• **Exercise directions**: An exact copy of the data is needed, but without any of its images.

• **Available data**:
######

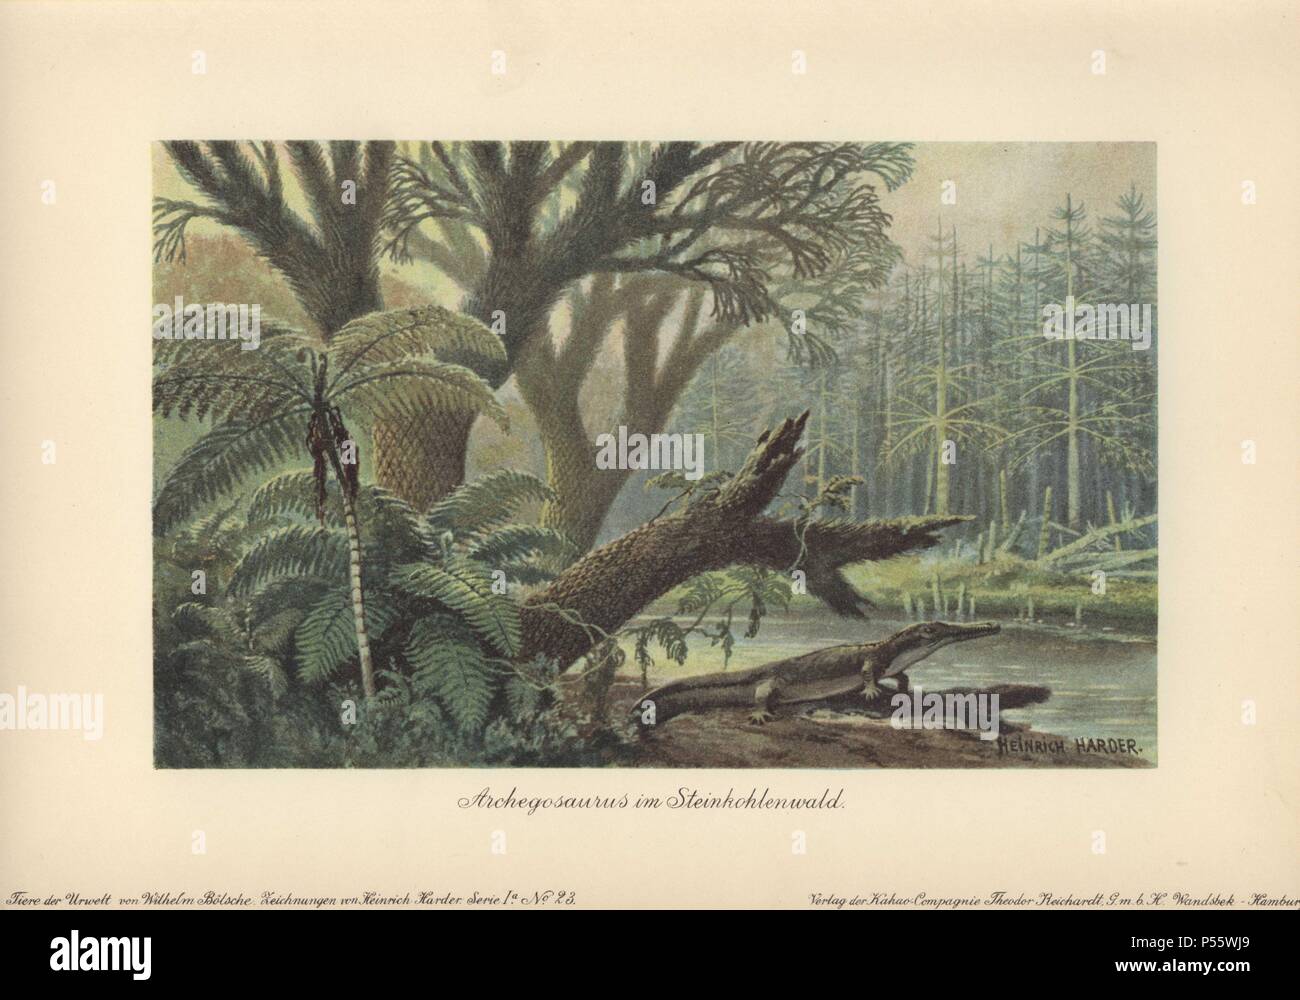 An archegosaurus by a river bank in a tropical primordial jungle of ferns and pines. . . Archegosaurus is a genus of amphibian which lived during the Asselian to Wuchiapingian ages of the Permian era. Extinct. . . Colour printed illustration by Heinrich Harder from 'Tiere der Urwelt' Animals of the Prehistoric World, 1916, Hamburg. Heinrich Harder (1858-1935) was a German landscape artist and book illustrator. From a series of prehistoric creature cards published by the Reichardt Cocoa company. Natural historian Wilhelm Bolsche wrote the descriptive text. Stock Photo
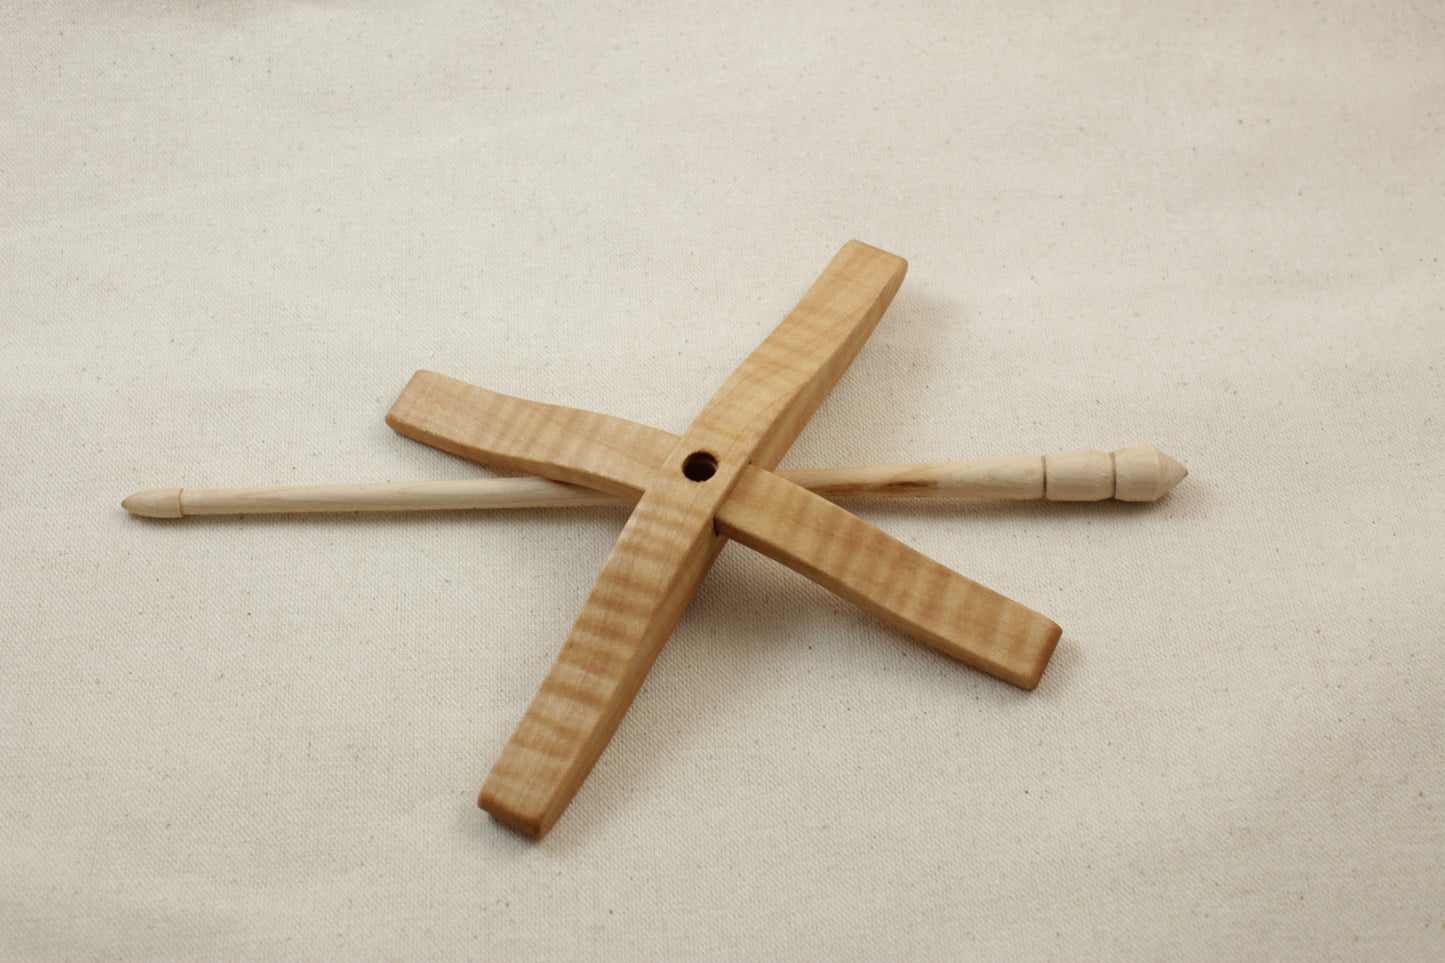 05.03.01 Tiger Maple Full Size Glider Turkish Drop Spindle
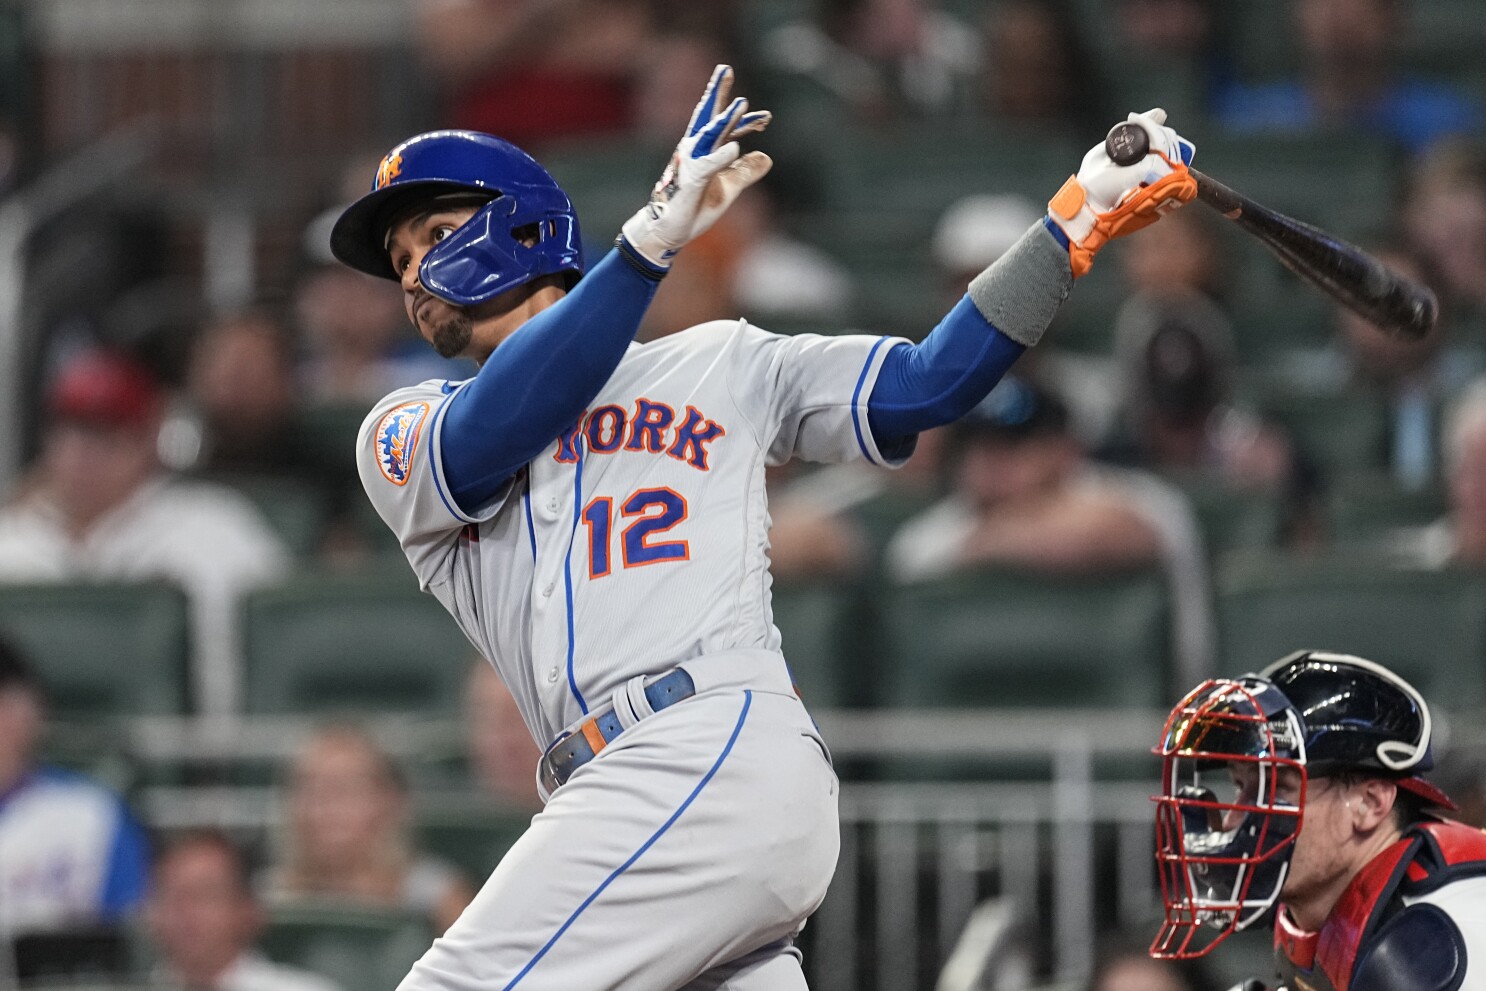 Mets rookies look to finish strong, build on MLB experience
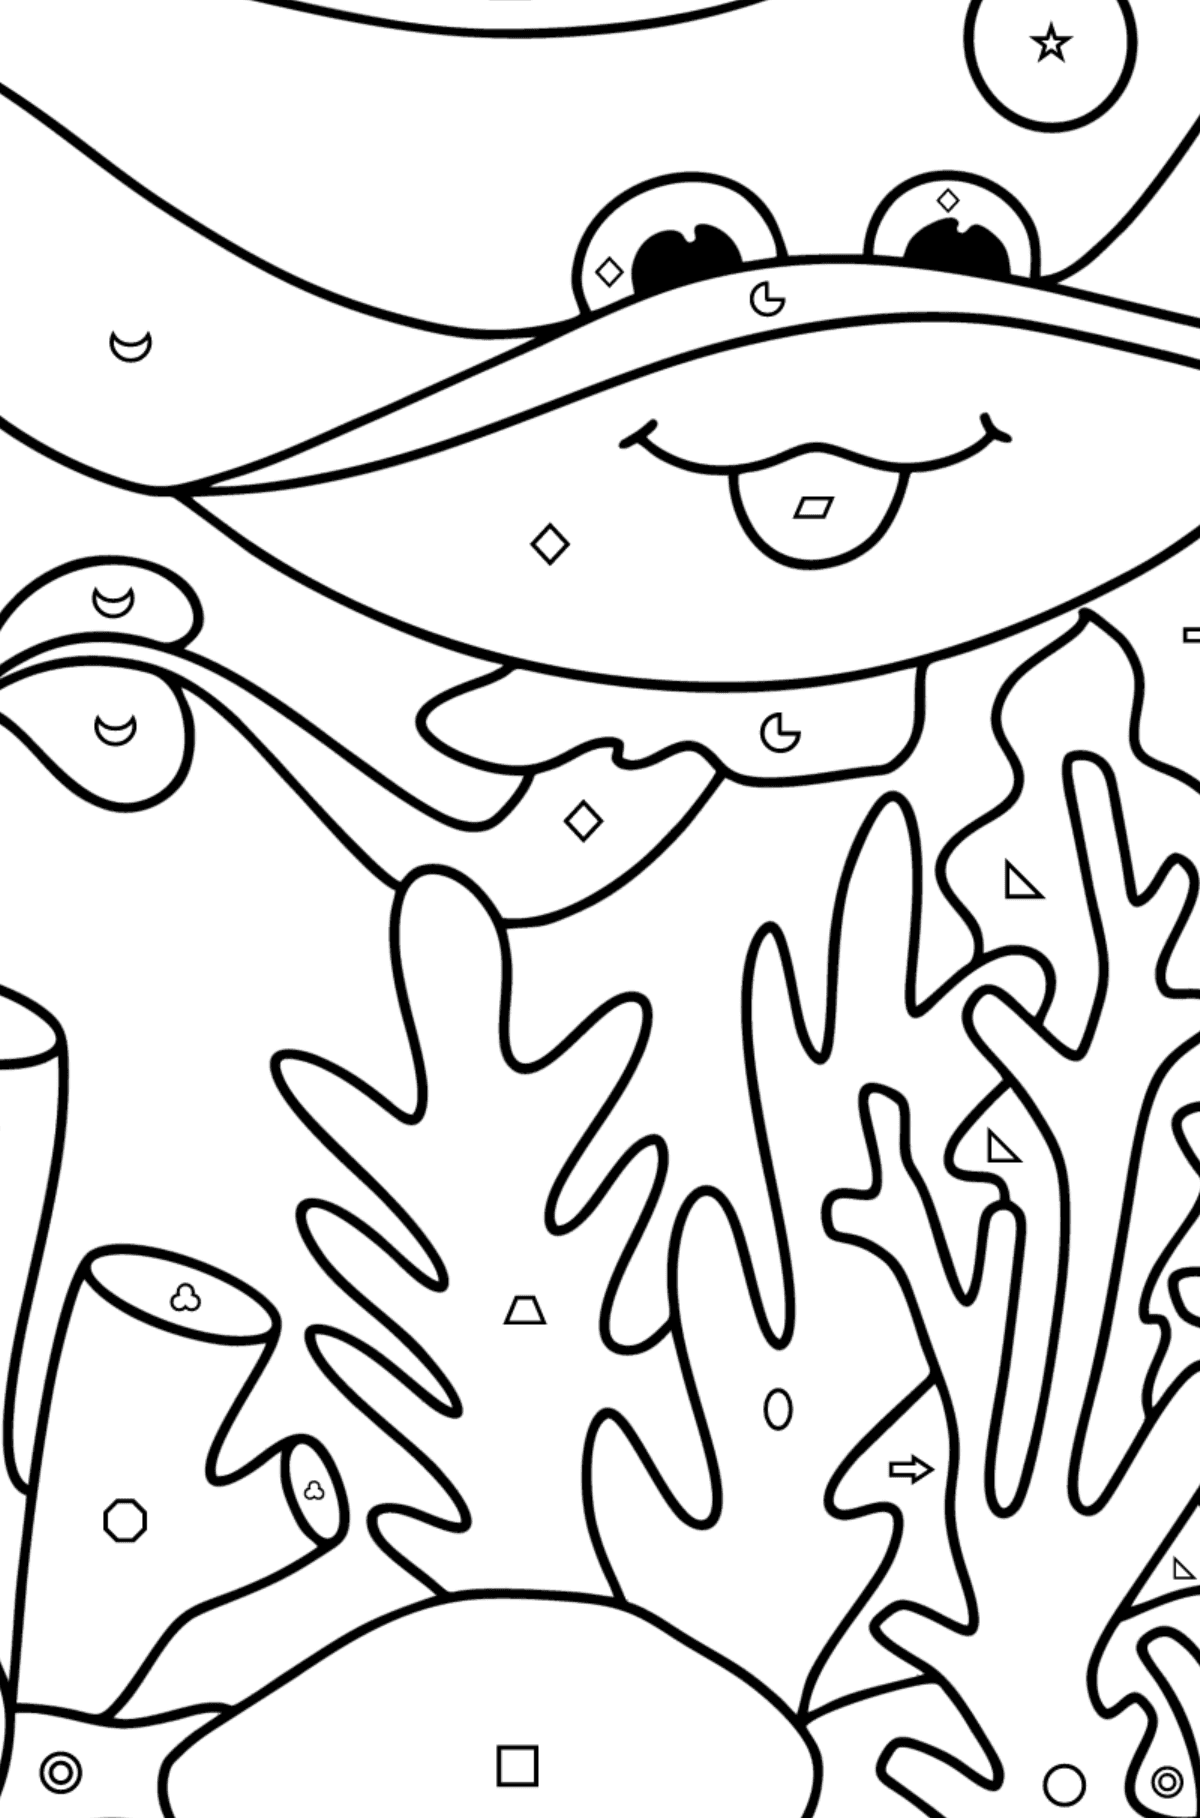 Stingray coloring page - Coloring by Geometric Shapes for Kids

######

• **Exercise solution**:
 An archegosaurus by a river bank in a tropical primordial jungle of ferns and pines. . . Archegosaurus is a genus of amphibian which lived during the Asselian to Wuchiapingian ages of the Permian era. Extinct. . . Colour printed illustration by Heinrich Harder from 'Tiere der Urwelt' Animals of the Prehistoric World, 1916, Hamburg. Heinrich Harder (1858-1935) was a German landscape artist and book illustrator. From a series of prehistoric creature cards published by the Reichardt Cocoa company. Natural historian Wilhelm Bolsche wrote the descriptive text. Stock Photo
 05.03.01 Tiger Maple Full Size Glider Turkish Drop Spindle
 Mets rookies look to finish strong, build on MLB experience
 Stingray coloring page - Coloring by Geometric Shapes for Kids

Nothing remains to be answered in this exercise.